ESA_WORLDCOVER_10M_2021_V2 download - Job cancelled runaway job cancelled after PT15M

jeani · 27 January 2023 10:03

I am trying to download this data:

datacube = session.load_collection(
    'ESA_WORLDCOVER_10M_2021_V2',
    spatial_extent={"west": 15.594850540000039, "south": 68.35111000000018, "east": 31.065246582000157, "north": 71.18811035200008},
    temporal_extent = ["2021-01-01", "2021-12-31"],
)

but the datacube.download fails with this error:

OpenEoApiError: [500] Internal: Server error: Job 61742 cancelled runaway job 61742 cancelled after PT15M (ref: r-435fe01688ca49878a20cf28462da78a)

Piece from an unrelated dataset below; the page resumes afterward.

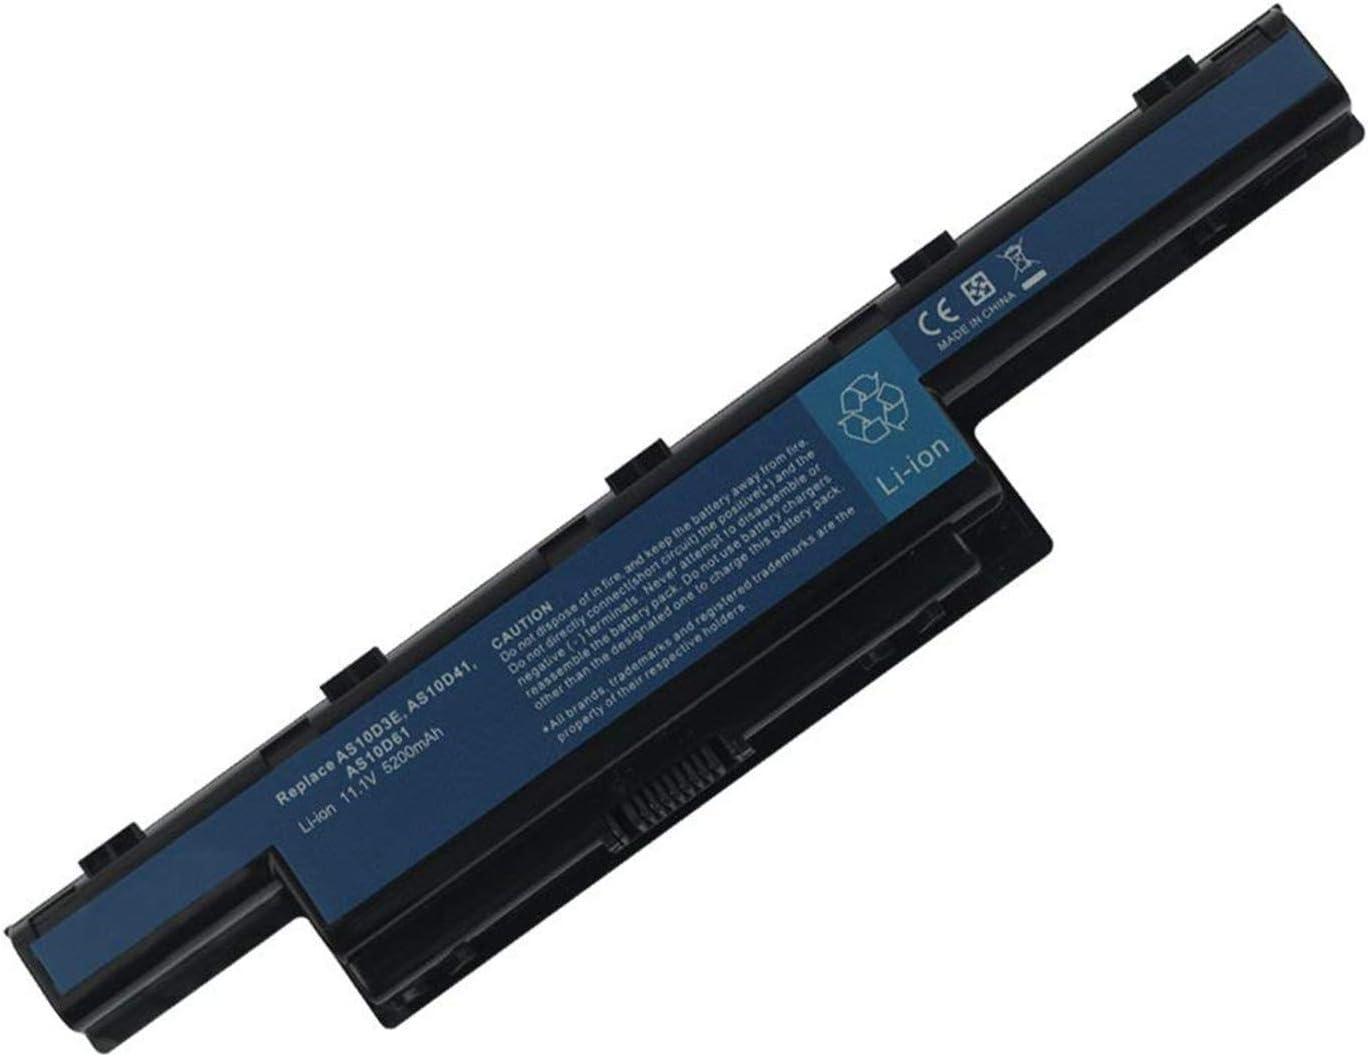 Batteria 5200mAh AS10D31 per Acer Aspire 5749Z 5750 5750G 5750Z 5750ZG

jeroen.dries · 27 January 2023 10:57

Hi,
the area you request is rather large, so fails to be retrieved in 15 minutes, which is our limit for synchronous requests via ‘download’.
Can you try using execute_batch instead?

thanks,
Jeroen

jeani · 27 January 2023 11:16

Hi Jeroen,

Do you mean something like that?

datacube = datacube.save_result(format="GTiff")
job = datacube.create_job()

stefaan.lippens · 27 January 2023 11:24

indeed, but don’t forget to also start that job

For example see Batch Jobs — openEO Python Client 0.14.0a1 documentation for more information on creating, starting and polling batch jobs

jeani · 27 January 2023 11:29

Thanks @stefaan.lippens for the tip, my job was created but not running

job.start_job()

jeani · 27 January 2023 12:35

The batch job eventually failed also:

Your openEO batch job failed during Spark execution: 'Job aborted due to stage failure: Task 2 in stage 10.0 failed 4 times, most recent failure: Lost task 2.3 in stage 10.0 (TID 1741) (epod076.vgt.vito.be executor 54): ExecutorLostFailure (executor...'

and before that I can see a lot of Error communicating with MapOutputTracker errors and:
Connection to epod127.vgt.vito.be/192.168.207.227:46385 has been quiet for 120000 ms while there are outstanding requests. Assuming connection is dead; please adjust spark.shuffle.io.connectionTimeout if this is wrong.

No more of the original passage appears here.